Hands on – Docker Networking and Namespaces
In addition to my theoretical post on Container Networking – Docker & Kubernetes, the following hands-on series examines Linux Namespaces and Docker Networking.
The advent of Docker makes is easy to isolate Linux process so they don’t interfere with one another. As a result, users can run a range of different applications and dependencies on a single Linux machine, all sharing the same Linux kernel. This type of abstraction is made possible by the use of Linux Namespaces.
There are 6 namespaces implemented in the Linux kernel. The following diagram displays per process isolation – IPC, MNT, NET, PID, USER, and UTS. The number on the right in the square brackets is the unique proc inode number of each namespace. In order to implement namespaces in the Linux kernel, a structure called nsproxy was added. As the name suggests, it’s a namespace proxy. To support namespace, we have a number of userspace packages – util-linux, iproute2, ethtool and wireless iw. This hands-on series we will focus on iproute2 userspace allowing management of the network namespace (NET) with the IP NETNS and IP LINK commands.
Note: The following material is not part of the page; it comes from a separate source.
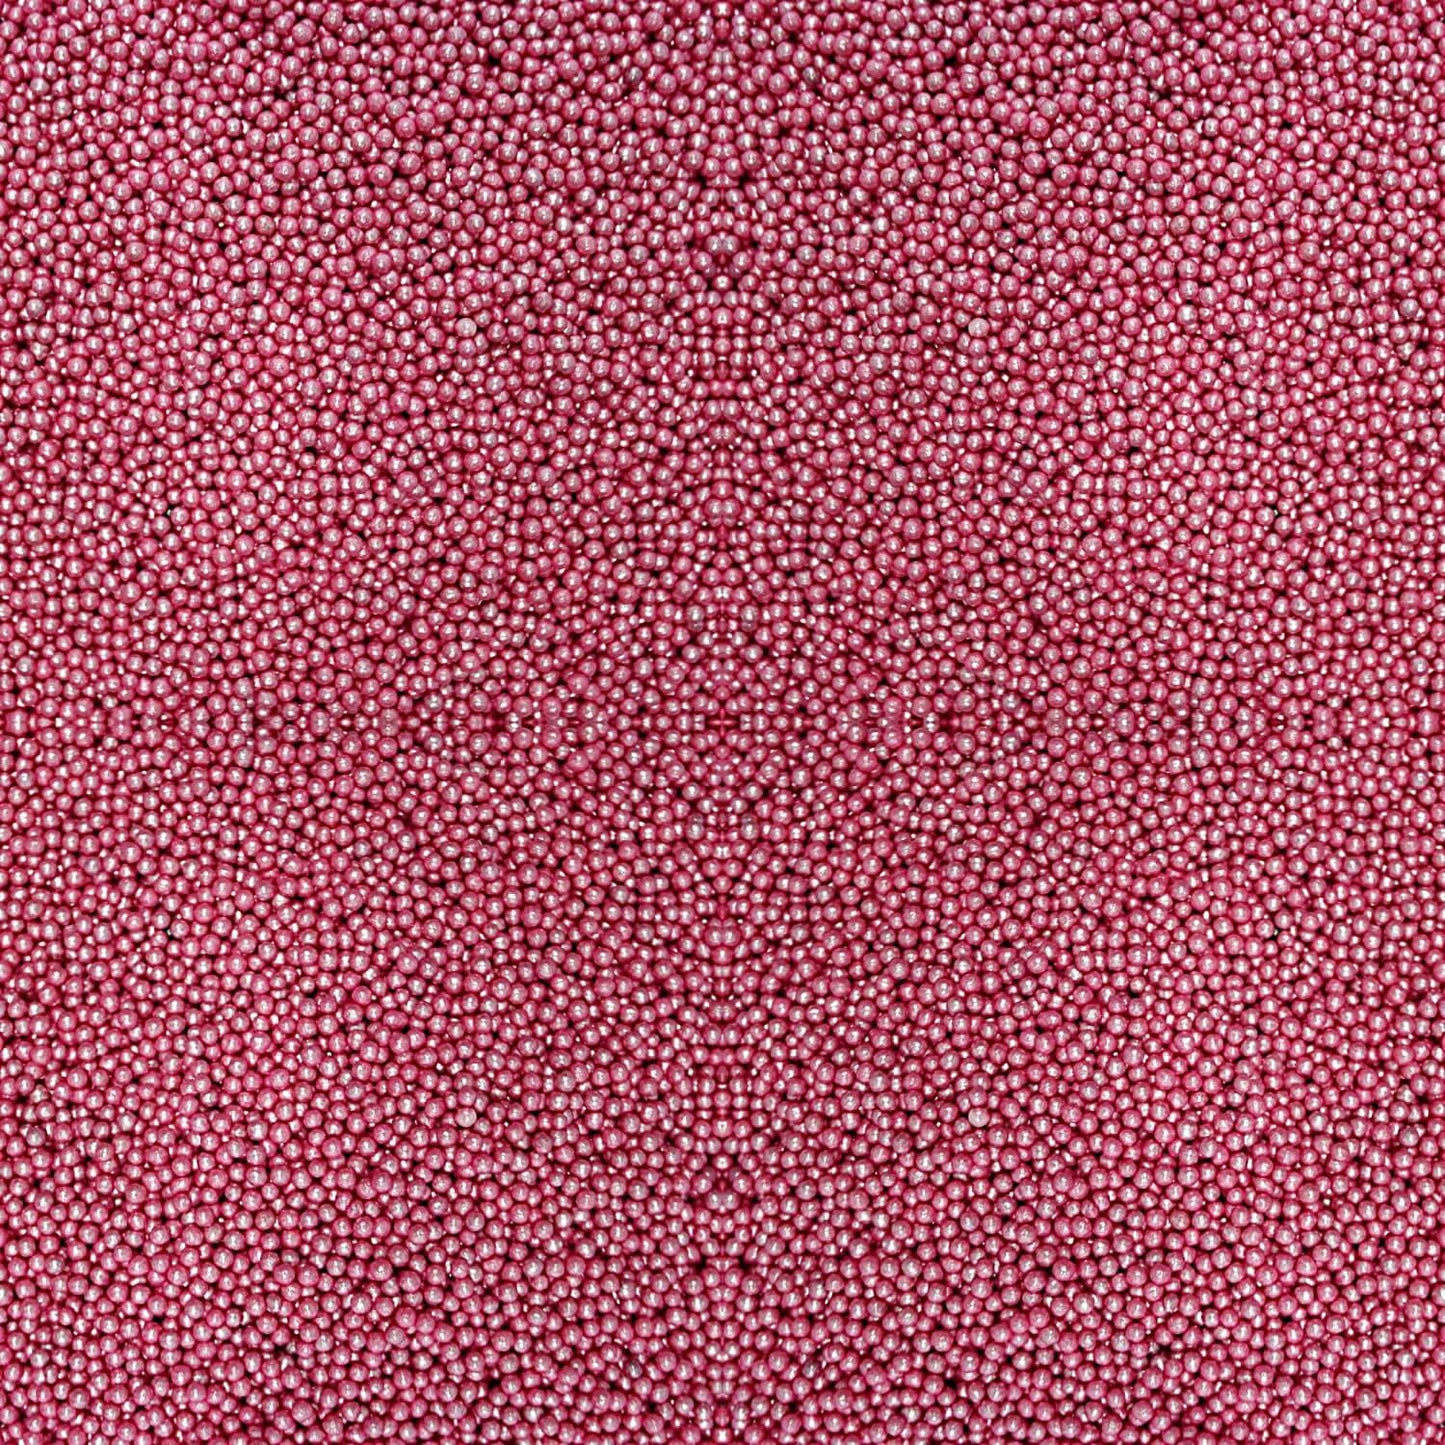 Confect Pink Disco Balls Sprinkles 2 MM 120 Gms

Docker, which is essentially a namespacing tool, has the ability to isolate processes into small containers. Containers are different to VMs that emulate a hardware layer on top of the operating system. They use features of the operating system, such as namespaces, to provide similar isolation without emulating the hardware layer. Each namespace has an individual and isolated view allowing the sharing of the same host but with individual routing tables and interfaces.
Users may create namespaces, assign ports, and connect for external connectivity. A virtual interface type known as virtual Ethernet (veth) interfaces are assigned to namespaces. They act as pairs and have the similar analogy of an isolated tube – what comes in one end must go back out the other end. The pairing enables namespace connectivity. Users may also connect namespaces using Open vSwitch. The following screenshot displays the creation of namespace called NAMESPACE, a veth pair, and adding a veth interface to the newly created namespace. As discussed, the IP NET and IP LINK commands enable interaction with the network namespace.
The following screenshot displays IP specific parameters for the previously created namespace. The routing table will only show specific namespace parameters and not information from other namespaces. The following ip route list command does not display the 192.168.1.1/24 interface assigned to the NAMESPACE-A. This is because the ip route list command is looking into the global namespace and not the routing table assigned to the new namespace. The command will show different route table entries including different default gateways for each namespace.
When you install Docker, it creates three networks that can be viewed by issuing the docker network ls command: bridge, host, and null. Running containers with specific –net flag highlight the network you want to run the container in. The “none” flag puts the container is no network, so it’s completely isolated. The “host” flag puts the container in the host’s network. Leaving the defaults places the container into the bridge default network. The default docker bridge is what you will probably use most of the time. Any containers connected to the default bridge can communicate freely, it’s like a flat VLAN. The following displays the networks created and any containers attached. Currently no containers are attached.
The image below displays the initiation of the default ubuntu image pulled from the Docker public registry. There are plenty of images up there that are free to pull down. As you can see, Docker automatically creates a subnet and a gateway. The docker run command starts the container in the default network. With this setup, if you don’t use crtl+p + ctrl +q to exit the container, it will stop running. Running containers are viewed with the docker ps command and users can connect to a container with the docker attach command.
Communication between containers can be restricted with IPTables. The Linux kernel uses different IPtables according to the protocol in use:
IPtables for IPv4 – net/ipv4/netfliter/ip_tables.c
IP6table for IPv6 -net/ipv6/netfliter/ip6_tables.c
arptables for ARP -net/ipv4/netfliter/arp_tables.c
ebtables for Ethernet – net/bridge/netfilter/ebtables.c
They are essentially a Linux firewall in front of the netfliter, providing a management layer for adding and deleting netfliter rules and displaying statistics. The netfilter performs various operations on packets traversing the network stack. Check the FORWARD chain, it either has a default policy of ACCEPT or DROP. All packets reach this hook point after a lookup in the routing system. The following screenshot shows permit all sources the container. If you want to narrow this down, you could restrict only source IP 126.96.36.199 access to the containers with the following command – iptables -I DOCKER -i ext_if ! -s 188.8.131.52 -j DROP
In addition, to the default networks creating during Docker installation users may create user-defined networks. User defined networks come in two forms – Bridge and Overlay network. Bridge network support single host connectivity and containers connected to an overlay network may reside on multiple hosts. The user defined bridge network is similar to the docker0 bridge. An overlay network allows containers to span multiple hosts, enabling multi-host connectivity model. It has some prerequisites such as a valid data store.